As it is going on, the tone of coverage of the violence on the student demonstration can be surprisingly flippant. Patrick O’Flynn, the Daily Express chief political commentator, just tweeted, “Is this level of criminal damage any worse than that carried out by the Bullingdon back in the day of Cam and Boris tho? #justsaying”.

That won’t last. There will be a lot of condemning of the Millbank violence on the National Union of Students anti-fees demonstration in the papers tomorrow. I too am against it. But lets consider what the political impact of the violence is likely to be.

Violence is visceral. It reaches parts of the psyche that soundbites and policy papers dont. Everyone will be affected by this. The Conservatives evacuated from their HQ. Nick Clegg stuck in his car as the students flowed around him.
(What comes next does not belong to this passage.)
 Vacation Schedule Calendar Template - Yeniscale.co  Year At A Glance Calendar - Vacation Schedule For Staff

Voters at home watching it on telly.

My guess is that there will be two main consequences for the debate on fees.

First, it will hit home all round what a big deal this is. The bubble of unreality that allowed Nick Clegg and Vince Cable to disappear from view on the day the governments response to Browne was announced will be punctured. The raising of fees will start to look to everyone as it did to Tony Blair – a very big deal indeed. The media will be more interested. The politicians will feel more weight, shifting the policy focus even further towards Number 10. The public will pay more attention. This is to the advantage of the NUS and the disadvantage of the Coalition, especially the Liberal Democrats.
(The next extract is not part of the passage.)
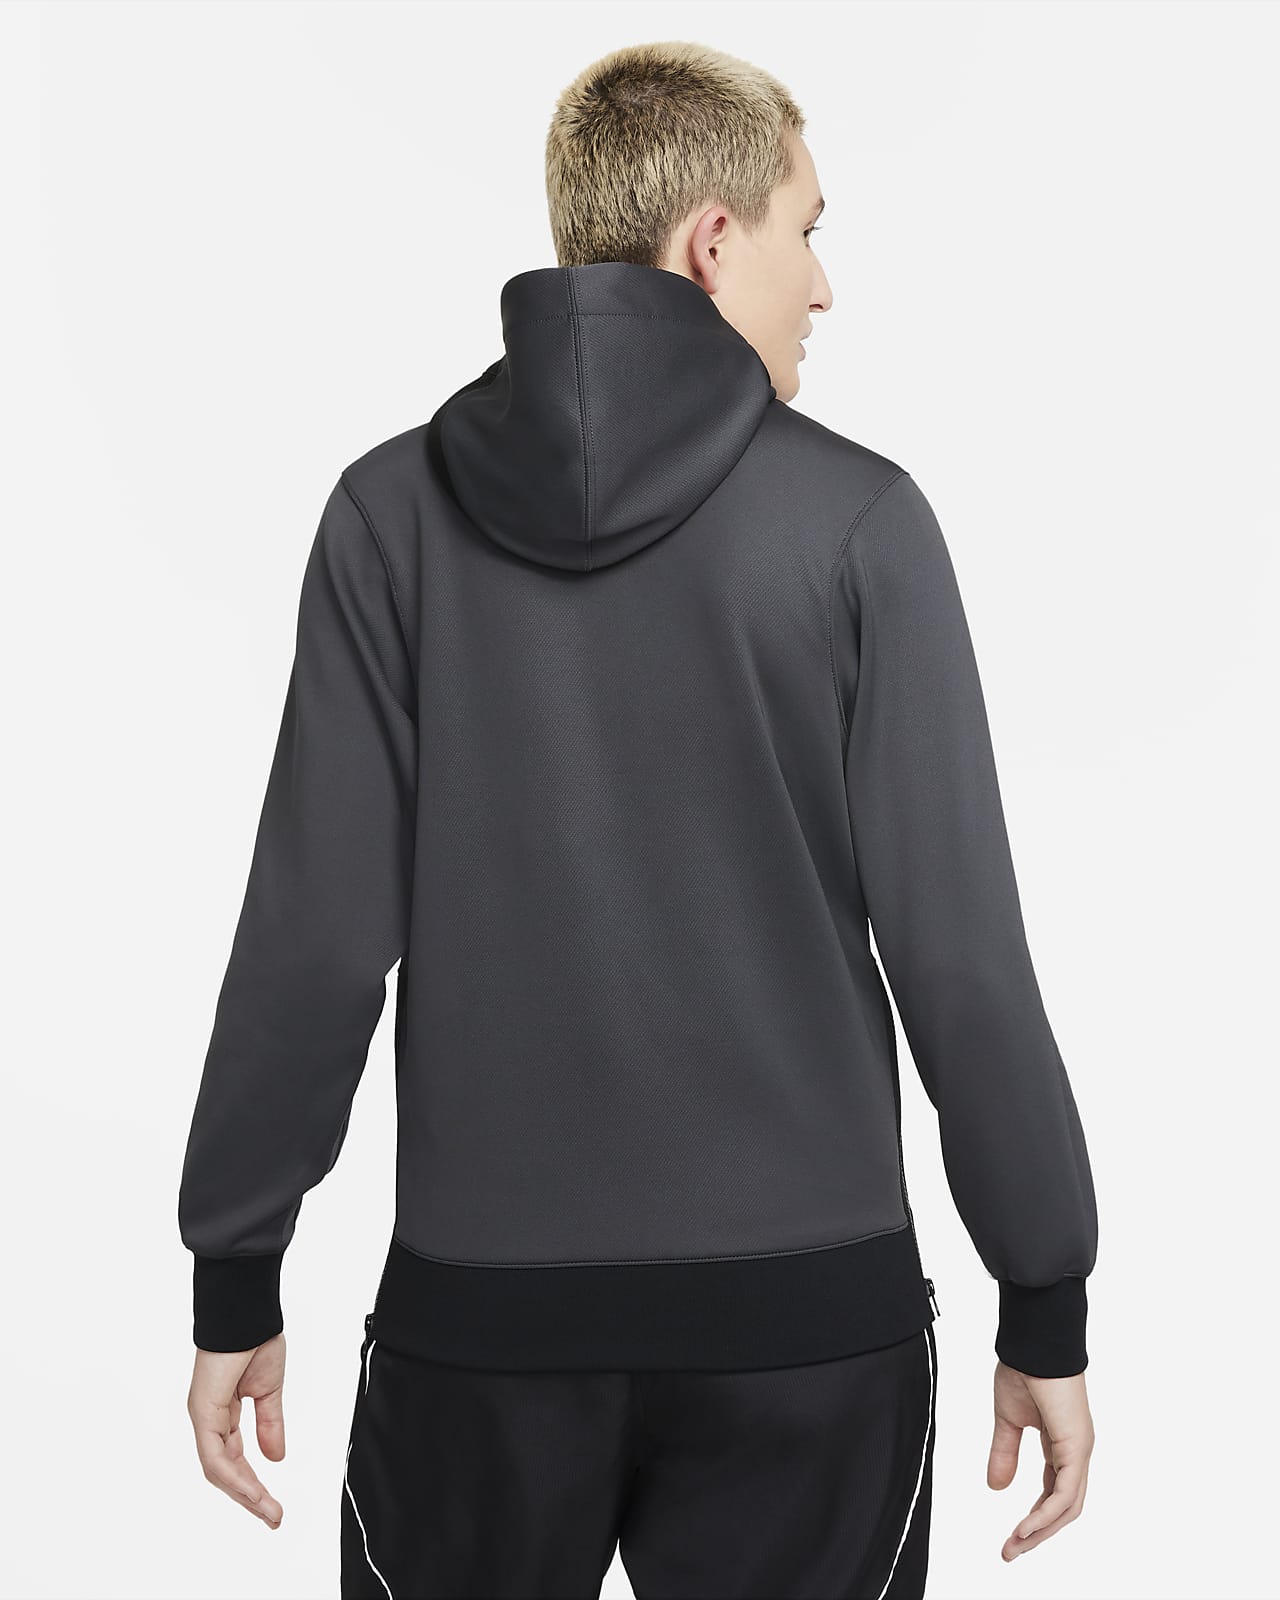 WMNS Nike Fleece Track Top - 'Anthracite/Black

The risk here is that ministers get nervous and, with everything else thats going on, the new kids at Number 10 cant cope. Decisions get delayed, the timetable slips and we rapidly get to a point where the reforms simply cant be introduced on a timescale that allows universities to replace with fees the money they lost in the CSR. The valley of death warned of by Hefce and Universities UK starts to look more possible.

What universities need now from the Coalition is the reassurance of a far more substantive timetable for the legislative and quasi-legislative work involved in the reforms, plus rapid clarification of the bigger remaining policy questions.
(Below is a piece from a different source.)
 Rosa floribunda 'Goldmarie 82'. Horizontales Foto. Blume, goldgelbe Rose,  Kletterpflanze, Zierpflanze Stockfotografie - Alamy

Second, the rather vague and unfocused debate on the proposed reforms will rapidly collapse into the question of which side you are on, where most people will mean whether you are for or against raising the fees cap to £9,000 a year. Those like Simon Hughes that would prefer not to answer this question will find that line harder to hold. Again, this is to the advantage of the NUS.

Further reading (most recent first)

Making a virtue out of obscurity – the Lib Dems secret path out of the tuition fees crisis

Browne really is the biggest gamble. In the whole world. Ever.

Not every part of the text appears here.